§ **Directions**
Please reproduce all the data exactly as written and omit the pictures.

§ **Supplied data**
--- START ---
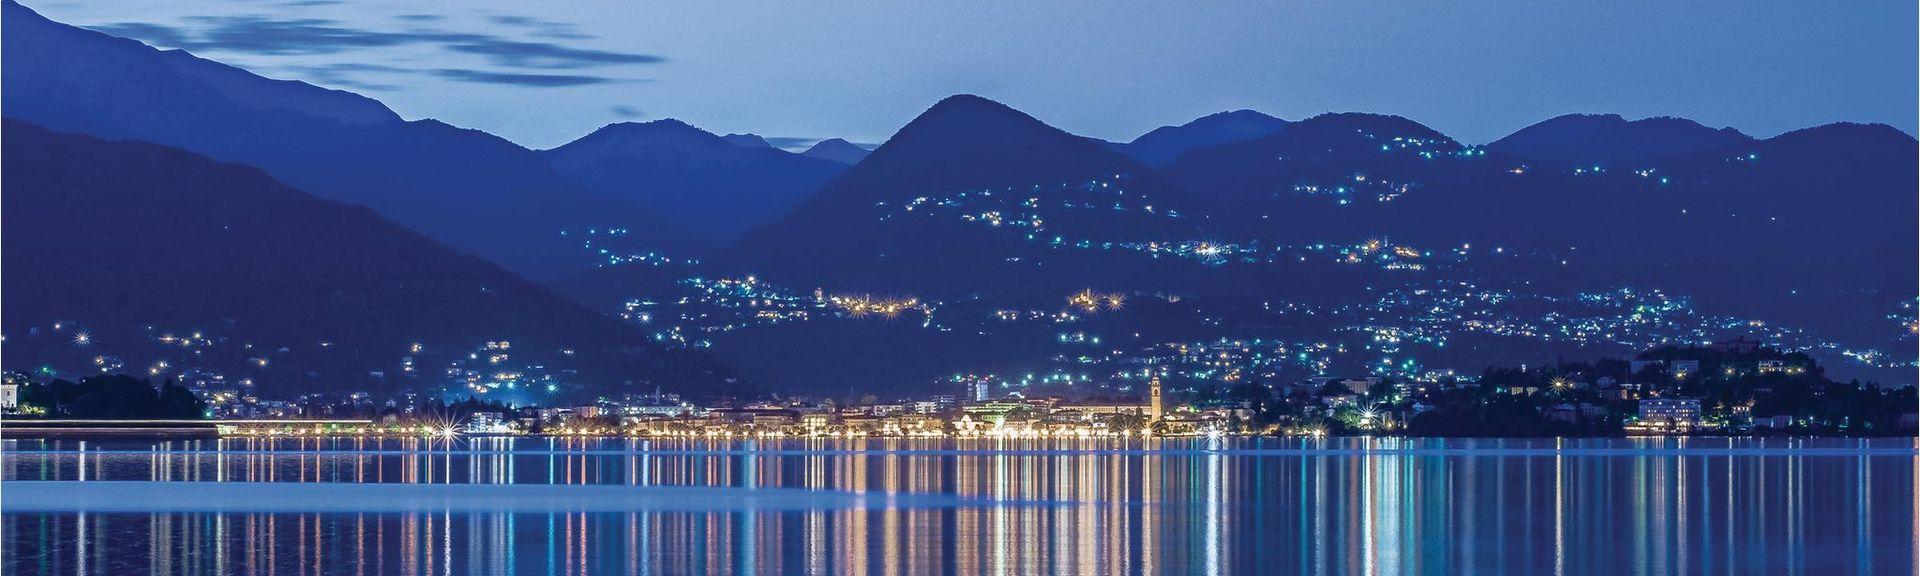 Sesto Calende, Lombardia, Itália
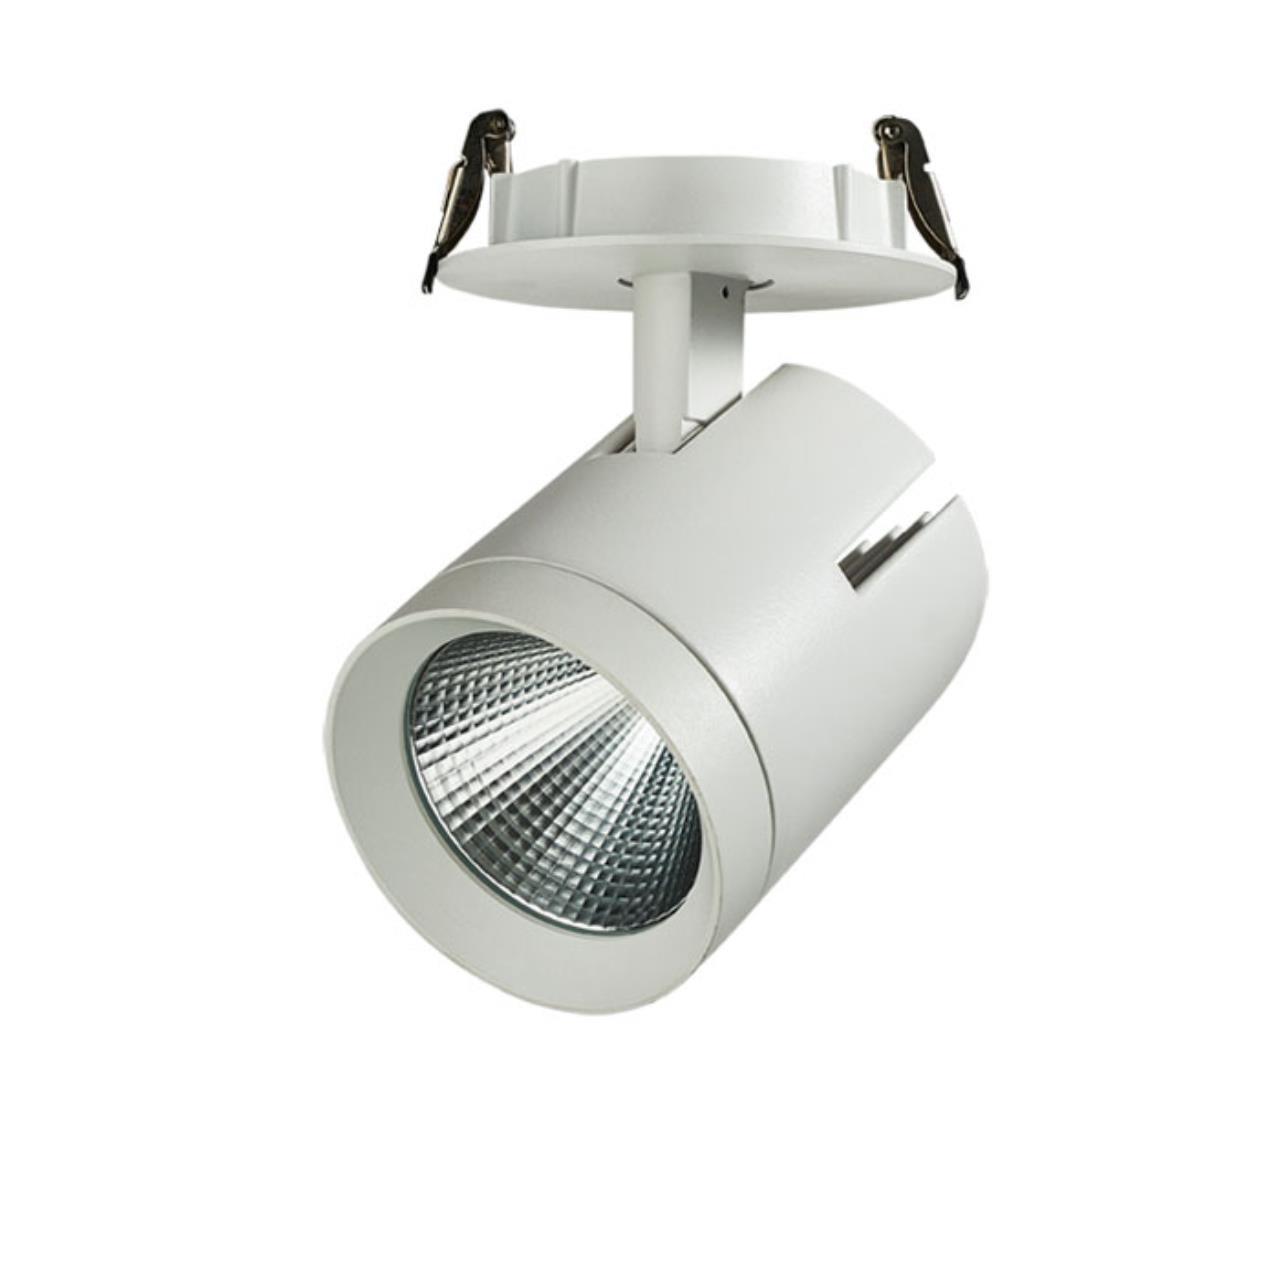 357542 SPOT NT18 055 белый Встраиваемый светильник IP20 LED 3000K 40W 220-240V SEALS
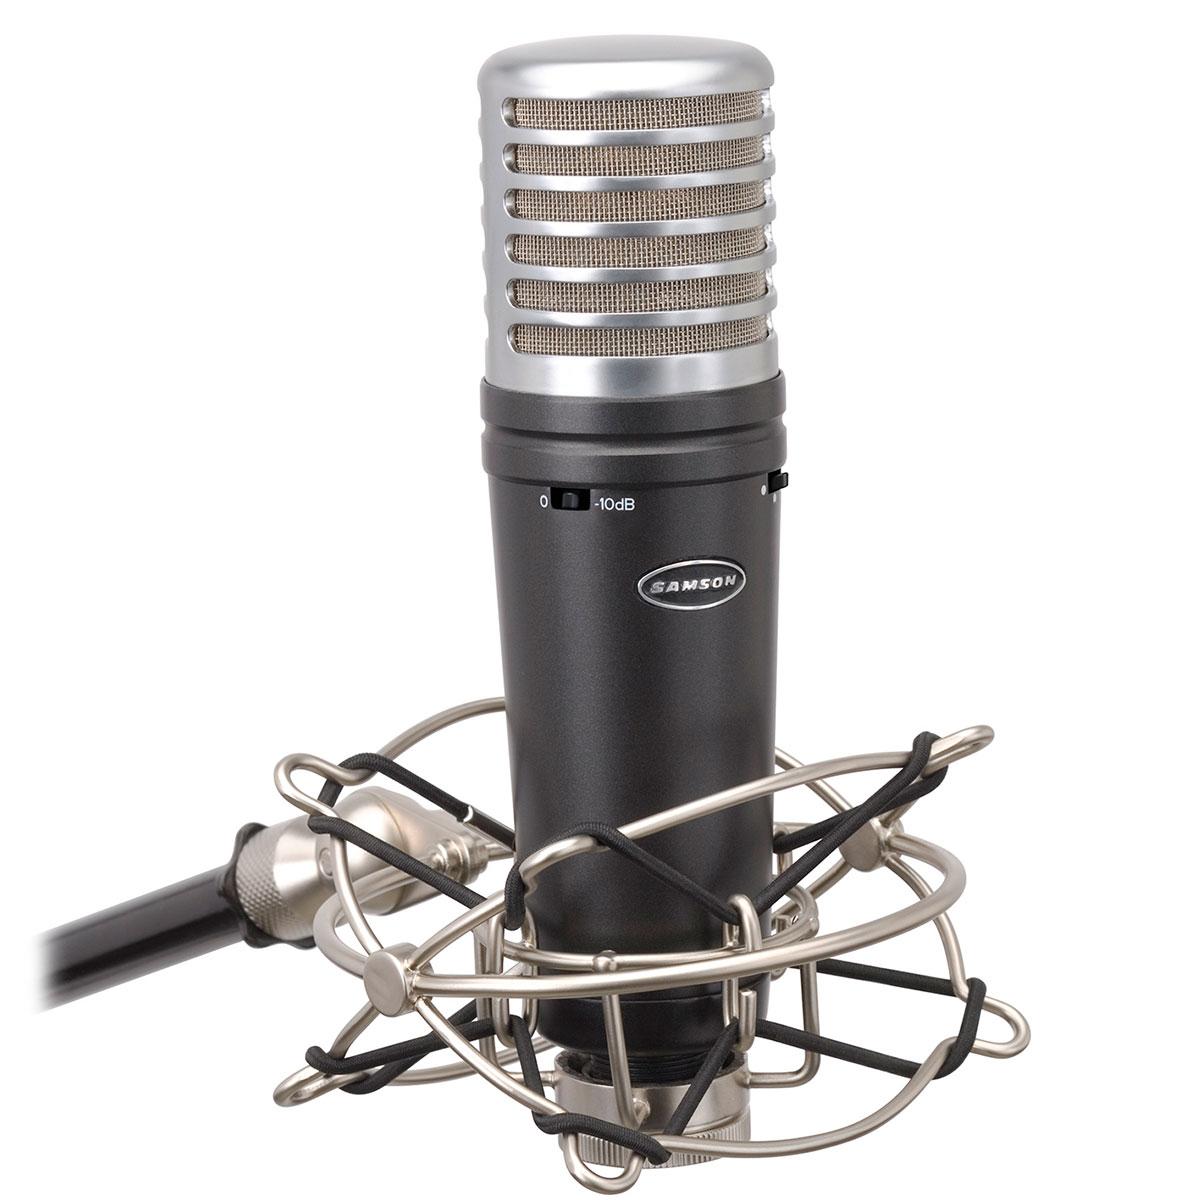 MTR231A - Microfone c/ Fio p/ Estúdio MTR 231 A - Samson
--- END ---
§ **Solved exercise**
 Sesto Calende, Lombardia, Itália
 357542 SPOT NT18 055 белый Встраиваемый светильник IP20 LED 3000K 40W 220-240V SEALS
 MTR231A - Microfone c/ Fio p/ Estúdio MTR 231 A - Samson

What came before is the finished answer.